The question before this Court is whether section 202(d) of the Social Security Act, 42 U.S.C.A. § 402(d), precludes the payment of insurance benefits to children of a deceased wage earner who was divorced from their mother and who had contributed with fair regularity to the support of such children under a court order issued in conjunction with such divorce, but where such contributions had ceased approximately three years prior to the death of the father because of the incapacitating effect of his terminal illness and where during that entire period the children had resided with their mother who had remarried.
Section 202(d) (3) of the Act, 42 U.S. C.A. § 402(d) (3) provides that a child shall be deemed dependent upon his father at the time of his death “unless, at such time, such individual was not living with or contributing to the support of such child and—
(C) such child was living with and was receiving more than one-half of his support from his stepfather.”
In the instant case the father at the time of his death was not living with or contributing anything to the support of his children who were living with and being supported by their stepfather. In such a situation this Court is constrained to hold that the children were not dependent upon their father within the terms of said Act so as to be entitled to benefits based upon the latter’s wages.
Counsel for the plaintiff argues that the. statute is a remedial one and should *475be liberally administered to effectuate the Congressional purpose. However, while a liberal interpretation of the Act should be adopted, such a policy would not warrant this Court’s adopting a construction inconsistent with the plain language thereof. See Ewing v. Risher, 10 Cir., 1949, 176 F.2d 641.

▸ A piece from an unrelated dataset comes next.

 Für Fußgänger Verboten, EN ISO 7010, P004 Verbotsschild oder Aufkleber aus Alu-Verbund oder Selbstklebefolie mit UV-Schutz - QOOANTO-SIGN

Counsel also contends that a denial of the claimed insurance benefits would be inequitable in that said children would thereby be deprived of protection which had been paid for by their father because of circumstances beyond their and his control. Unfortunately, the right of these children to benefits under this Act is not dependent upon any overt acts which they may have or may not have done, but rests entirely on the existence or non-existence of an economic relationship between the children and their father which has been terminated by the latter’s death. In Stephens v. Federal Security Administrator, D.C.E.D.Ill.1949, 121 F.Supp. 120, wherein a similar factual situation was involved, the rule is well stated at page 123:
“However, it was not his mother’s remarriage that caused the disallowance of plaintiff’s claim; it was the fact that his stepfather was supporting him at the time of his father’s death that led to that result. A minor child’s entitlement to benefits under the Act is not dependent on any overt acts he may or may not have done, but on the existence or non-existence of an economic relationship which has been terminated by the death of the wage earner. Here, at the time of the wage earner’s death, the necessary relationship was lacking and plaintiff’s claim was properly disallowed.”

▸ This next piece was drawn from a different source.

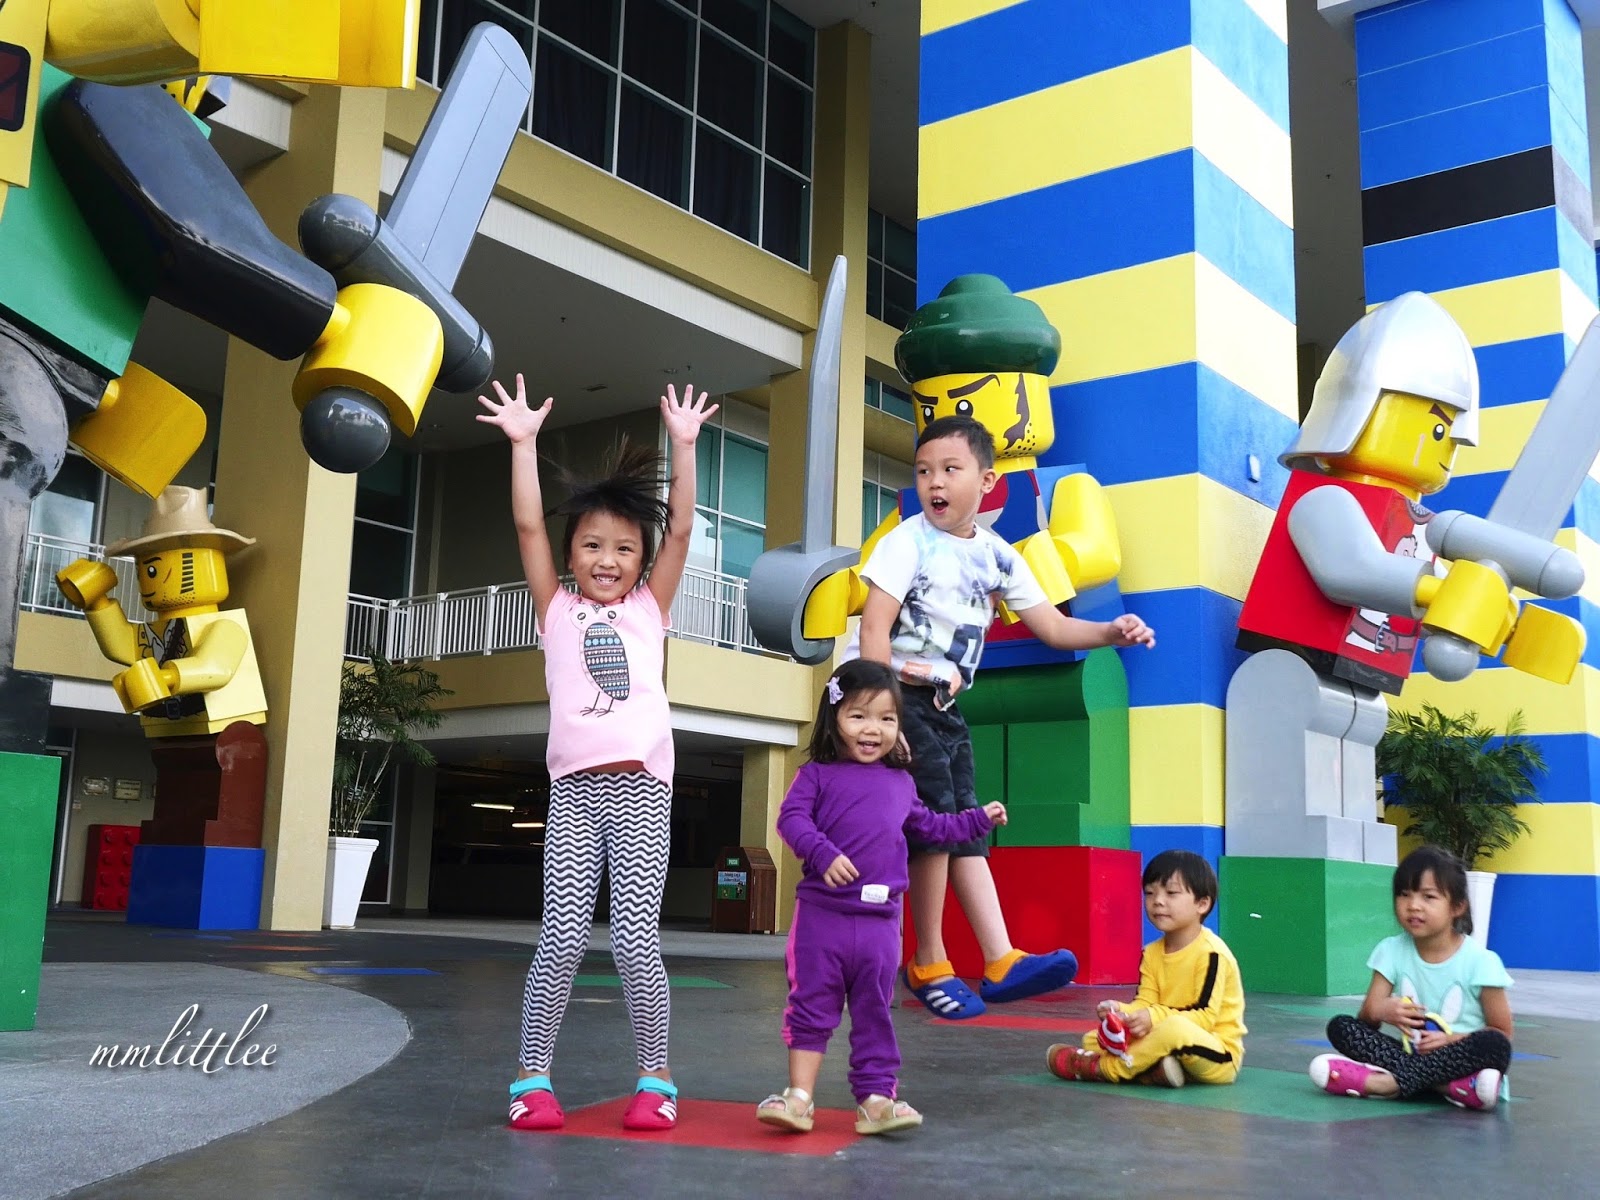 Legoland Malaysia Hotel: Adventure Vs. Kingdom Vs. Pirate

Similarly in the case of Baetich v. Hobby, 2 Cir., 1954, 212 F.2d 480, certiorari denied 1954, 75 S.Ct. 54, where the claimant had been dependent for more than one half of his support upon his daughter until she became stricken with a terminal illness resulting in her death twenty-seven months later, the Court held that the plaintiff was not entitled to parents’ Social Security benefits under the Act because an economic relationship of dependency did not exist between the claimant and the deceased wage earner at the time of the latter’s death.
In the present case, at the time of the decedent’s, death the necessary economic relationship was' lacking and the claims of the plaintiff were properly disallowed. Defendant’s motion for summary judgment is granted and the complaint is dismissed.